On 7 June 2011, the plaintiff was awarded $2,610 pursuant to his Crime assistance application. That amount comprised $2,250 for ‘special assistance’, $300 for ‘damage to clothing’ and $60 for ‘medical expenses’. The award was made on the basis that the plaintiff had suffered grievous bodily harm.
On 15 August 2012, the plaintiff’s solicitor wrote to Dr Ian Jackson, psychiatrist, seeking a certificate of assessment of the degree of the plaintiff’s impairment resulting from the 2005 incident. The documents that were provided to Dr Jackson included the medical records of Dr Javadi and Ms Elia and also documents relating to the Crime assistance application. In his certificate dated 22 August 2012, Dr Jackson described the plaintiff’s injury as ‘[a]djustment disorder with mixed anxiety and depressed mood’ and certified that the degree of impairment exceeded 10%.
Dr Jackson prepared a report dated 20 August 2012. In that report, Dr Jackson described the 2005 incident and the treatment that the plaintiff had received in relation to the Injury. He stated the following in relation to the plaintiff’s continuing symptoms:
He has pervasive anger with frustration and lowered mood. This includes angry outbursts and behaviours particularly in the face of unfair and unreasonable authority as he sees it. This has included a fractured arm and, 6 months later, a broken jaw, in nightclub incidents (as in the documentation I was sent). He has loss of sociability with inability to maintain a major relationship.
In his report, Dr Jackson expressed the following opinion:
Brodie Hatswell presents with significant depressive and anxiety symptoms from at least the time of his move to Queensland. This is significantly, and clearly, the product of the matters to hand, particularly the subsequent fracturing of his relationships and functioning in his local small community.
…
Brodie Hatswell is suffering from a now chronic Adjustment Disorder with Mixed Anxiety and Depression.
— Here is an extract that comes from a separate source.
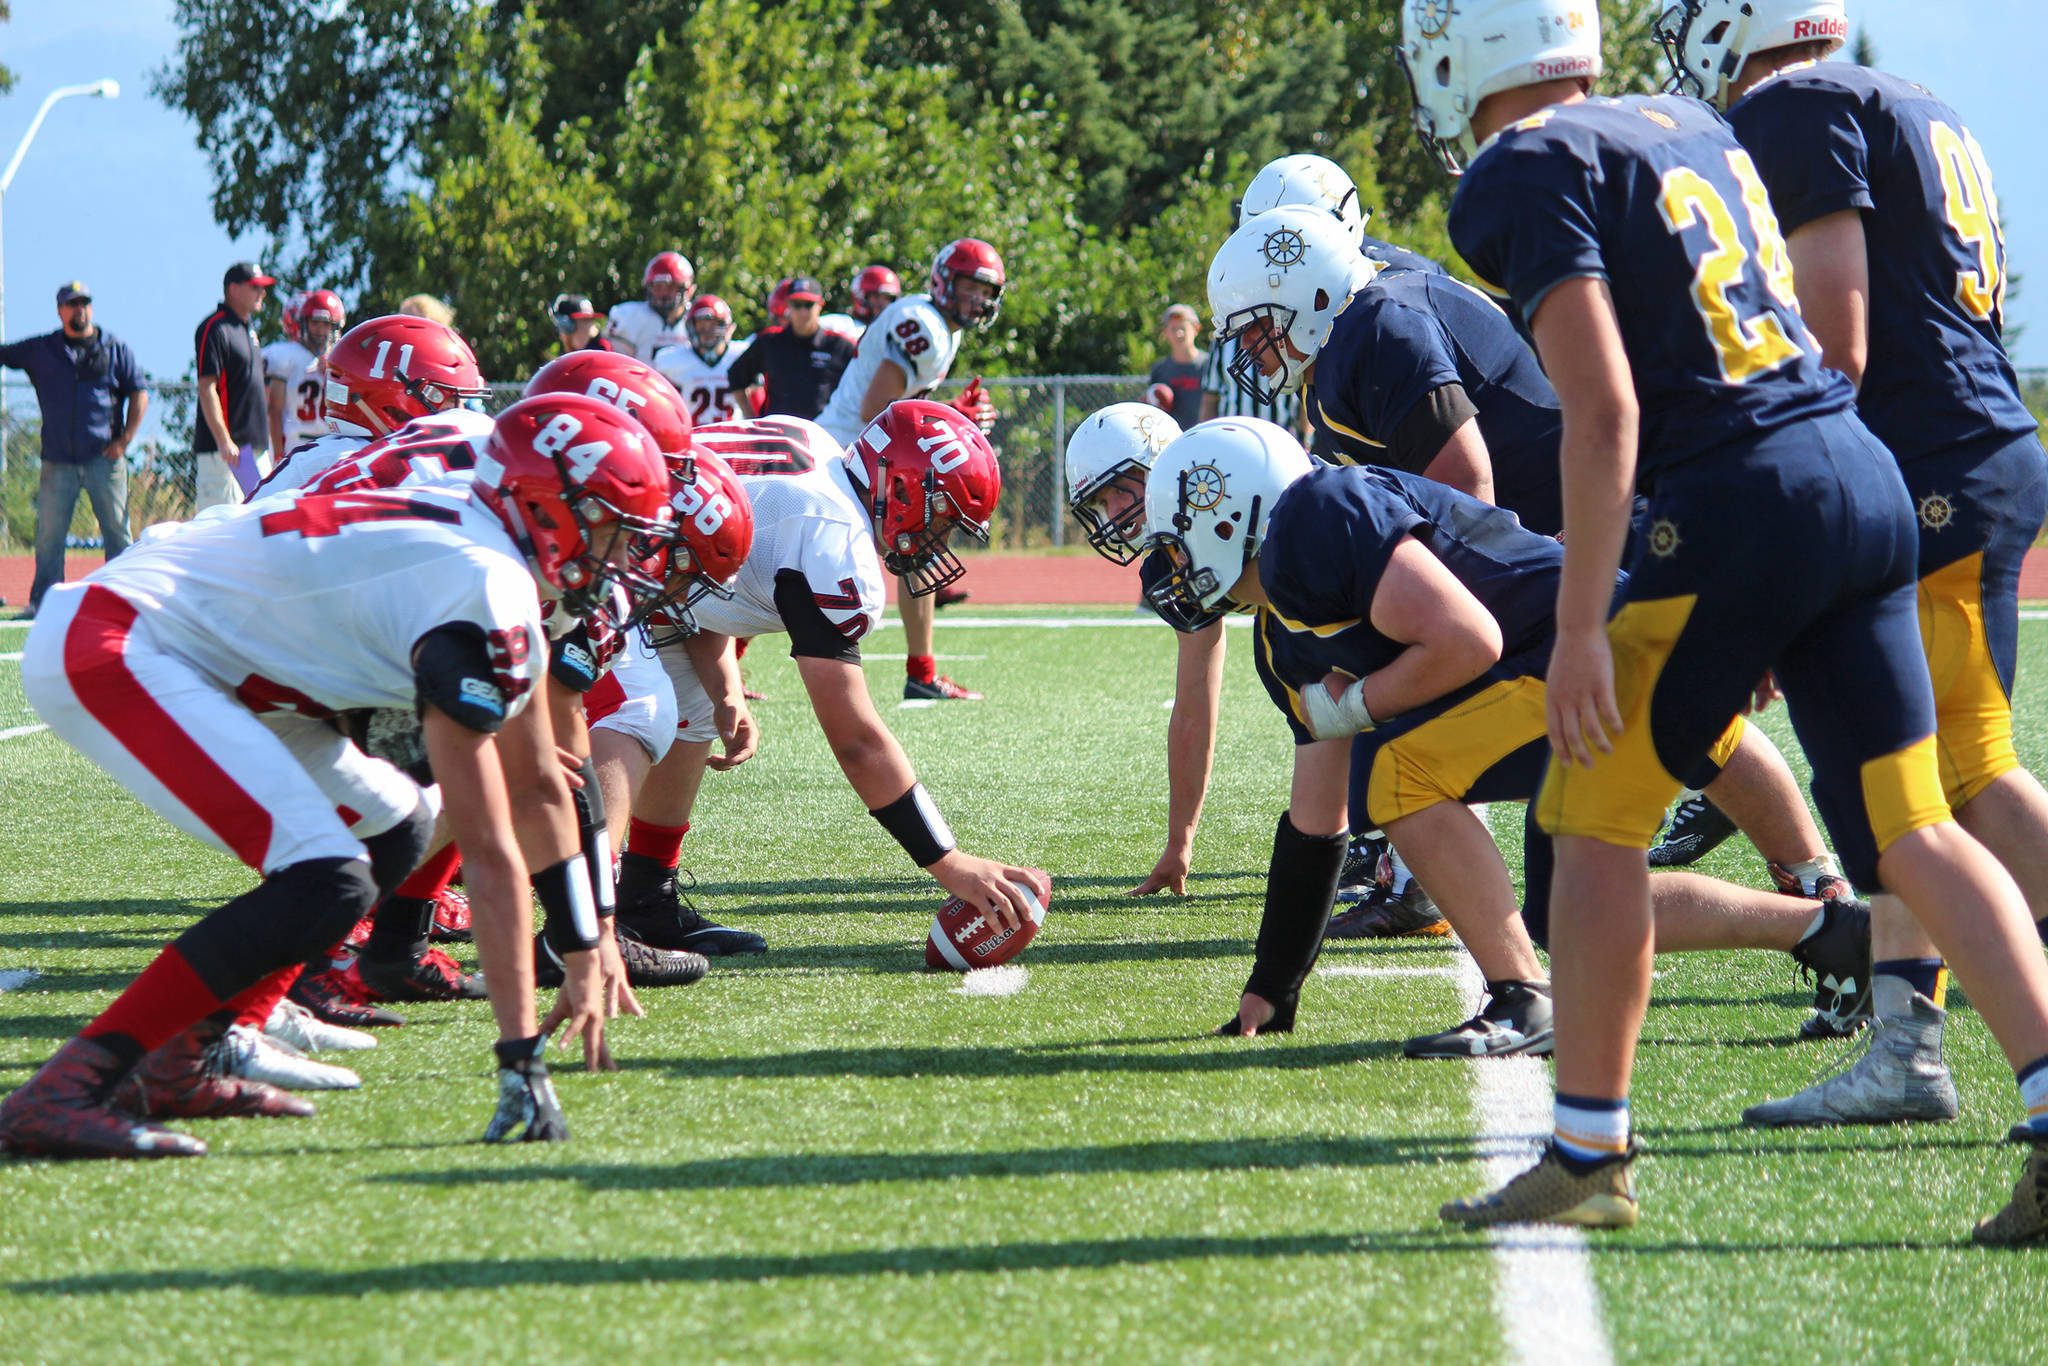 Photo by Megan Pacer/Homer News                                 The Kenai Kardinals (left) and Homer Mariners face off against each other in their first varsity football game on the season Saturday, Aug. 17, 2019 in Homer, Alaska.

This remains significantly and materially related to the 8.11.05 incident.
The State defendants did not accept Dr Jackson’s certificate of assessment. As required by s 28LWE(1) of the Act, they referred the medical question to the Medical Panel.
Relevant provisions of the Wrongs Act
Section 28LE of the Act precludes the recovery of damages for non-economic loss in respect of an injury caused to a person by the fault of another person, unless the person injured ‘has suffered significant injury.’
The term ‘significant injury’ is defined in s 28LF(2) of the Act. For present purposes, it means a determination by a medical panel ‘that the degree of impairment resulting from the injury satisfies the threshold level.’[4]
[4]Act s 28LF(2)(b).
The ‘threshold level’ for a psychiatric injury is a permanent impairment of more than 10%.[5]
[5]See definitions of ‘impairment’ and ‘threshold level’ in s 28LB of the Act.
Sections 28LH and 28LI provide that an assessment of the degree of impairment under pt VBA must be made in accordance with The Guide to the Evaluation of Psychiatric Impairment for Clinicians (‘GEPIC’).
Section 28LL(3) provides that ‘impairments from unrelated injuries or causes are to be disregarded in making an assessment.’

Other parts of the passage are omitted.